• _Your task_
The lines from the one holding "The Prohibition Engraved" to the final line of the listing below are to be duplicated exactly, with both ends included and pictures omitted.

• _Source material_
- - - -
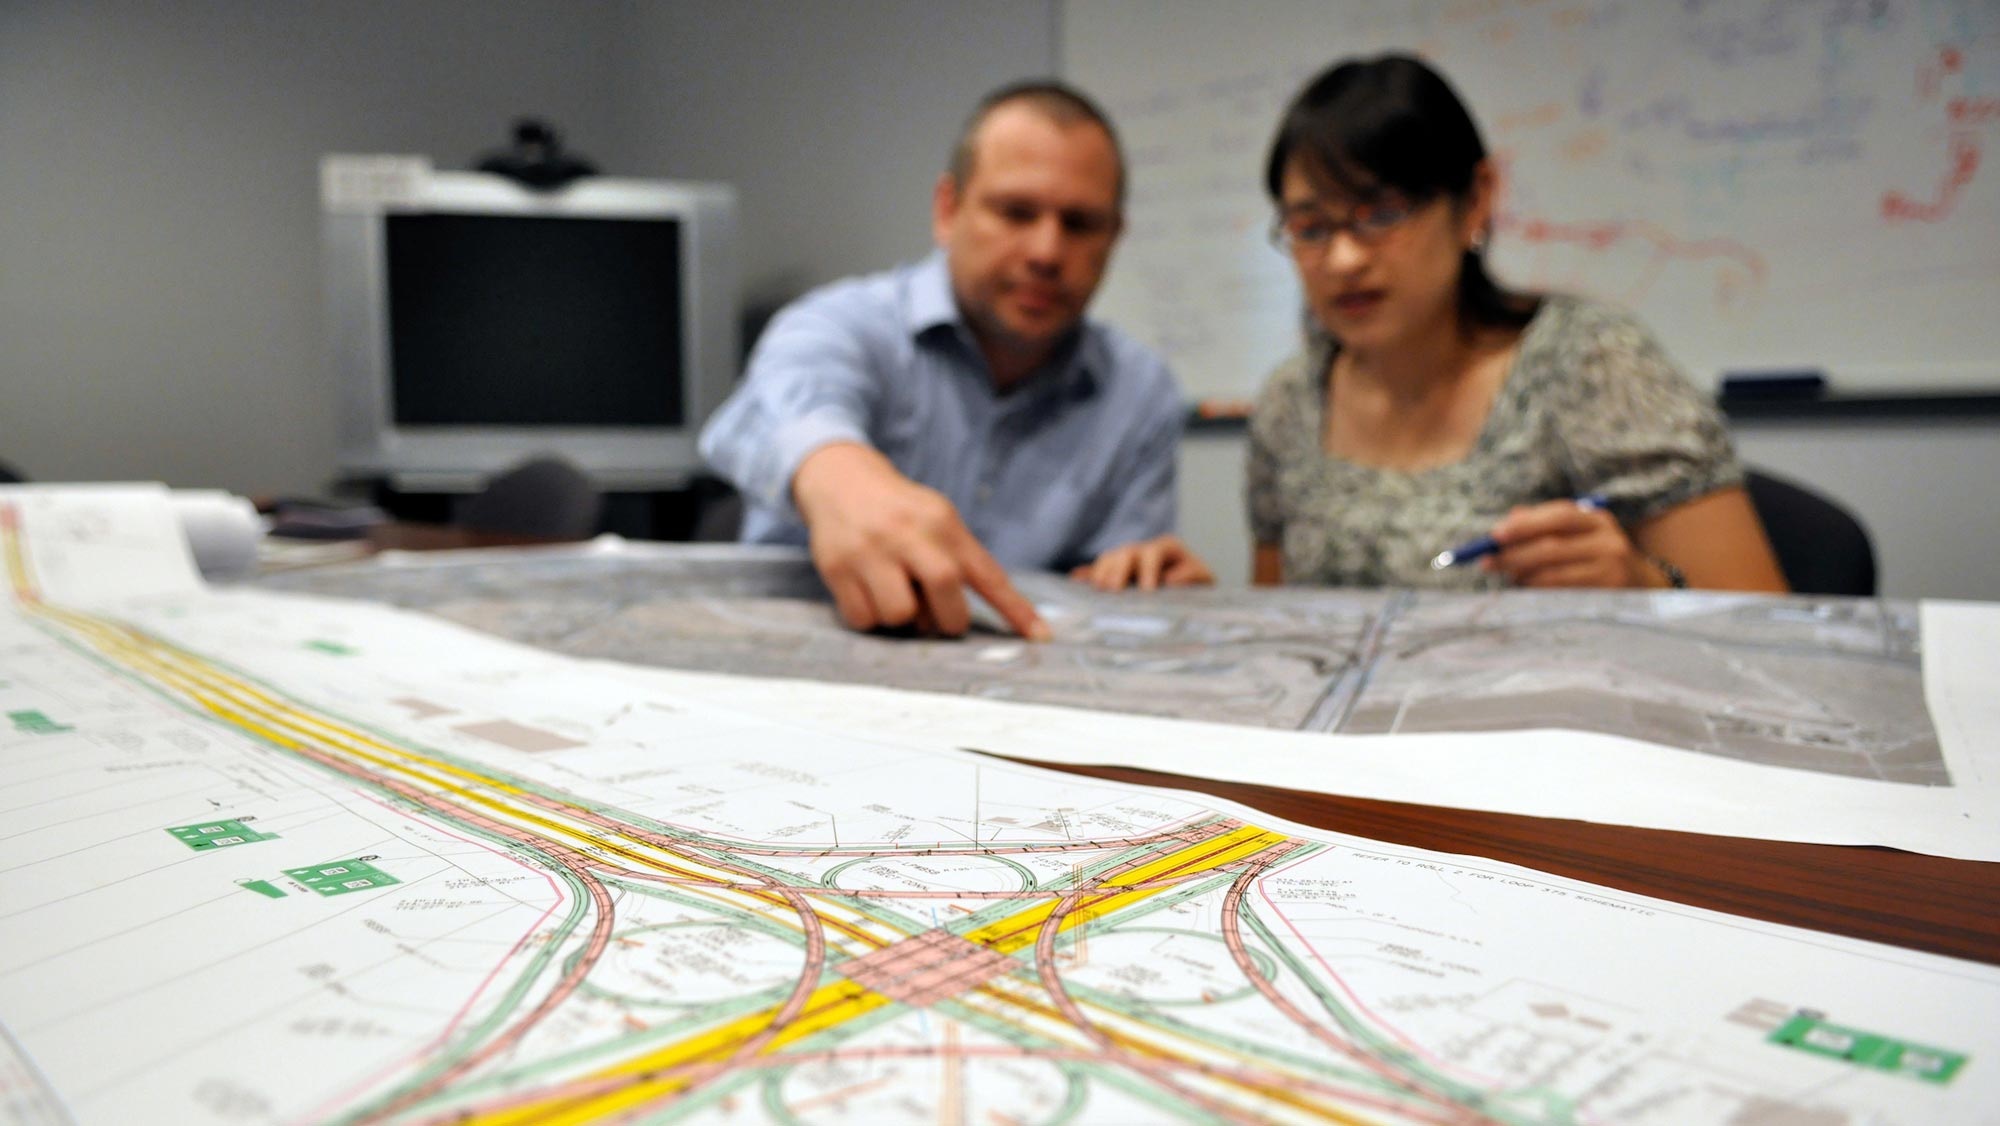 A woman with short black hair and glasses looks on as a man with a long-sleeved, blue button-down shirt points to something on the maps splayed across the table before them.
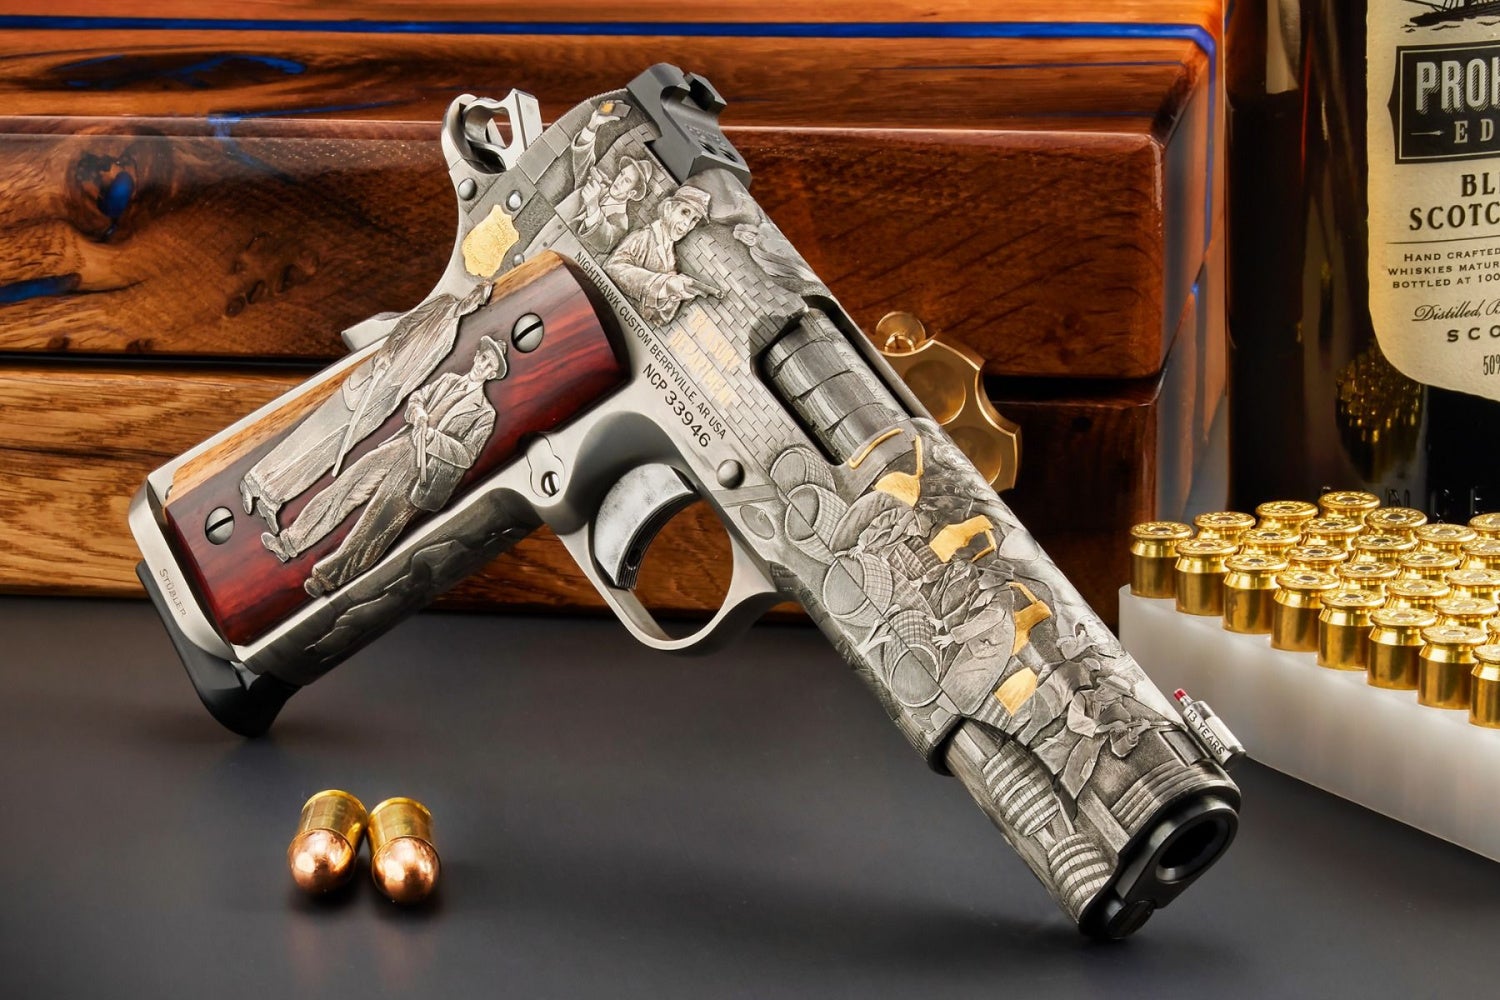 The Prohibition Engraved 1911 from Nighthawk Custom
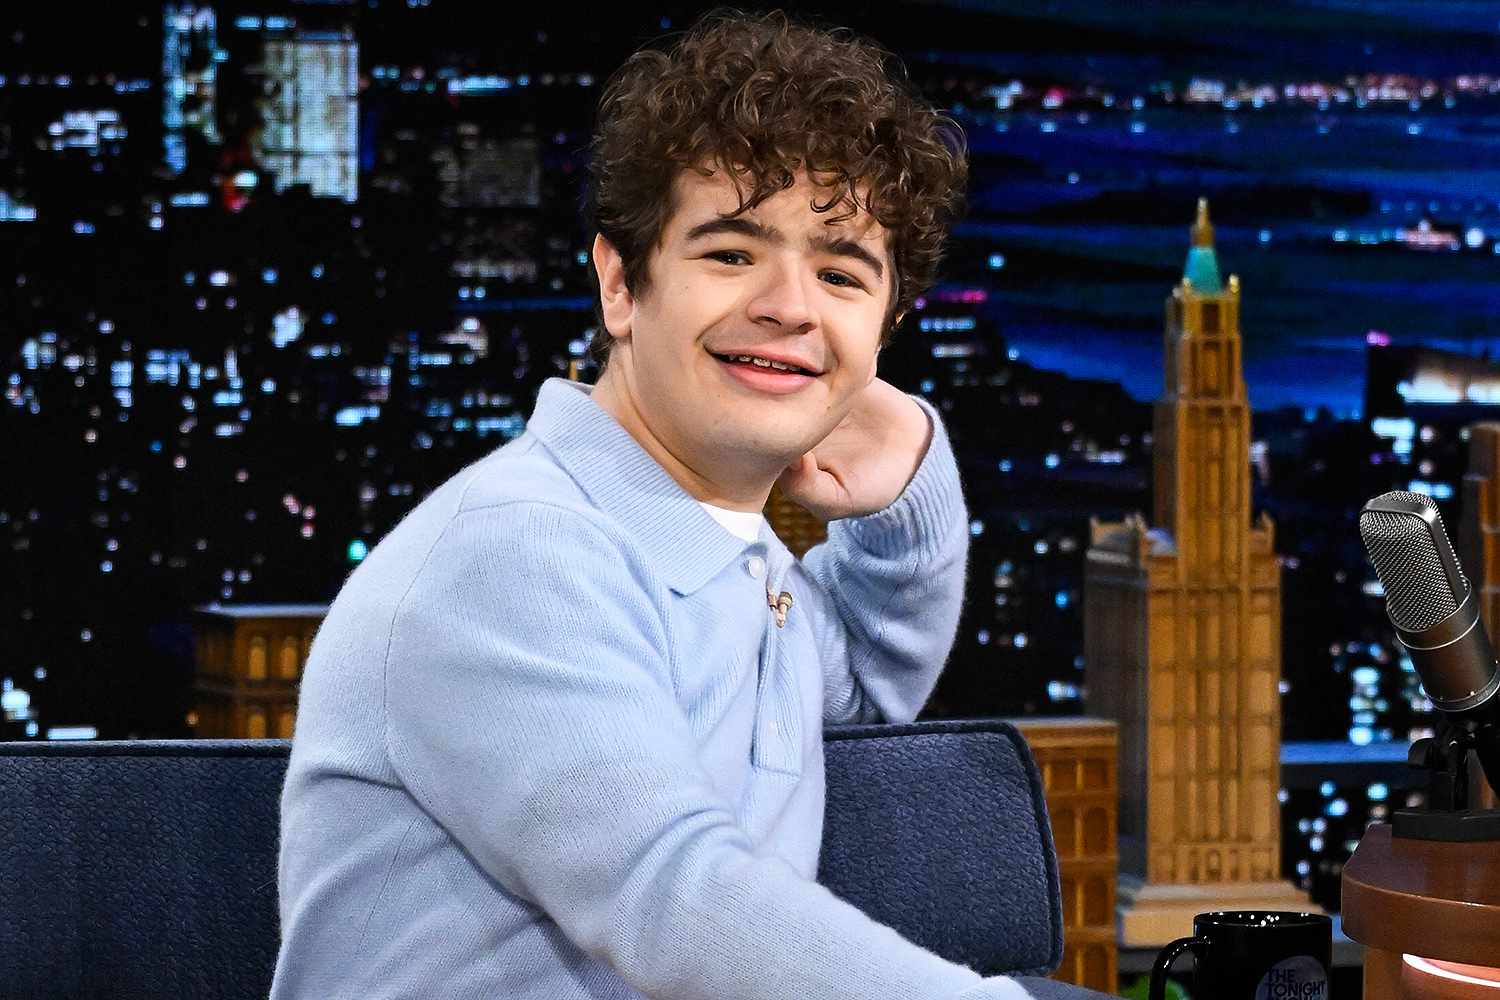 gaten-matarazzo-spotted-filming-final-season-of-stranger-things-looking-all-grown-up
- - - -
• _Answer to this problem_
 The Prohibition Engraved 1911 from Nighthawk Custom
 gaten-matarazzo-spotted-filming-final-season-of-stranger-things-looking-all-grown-up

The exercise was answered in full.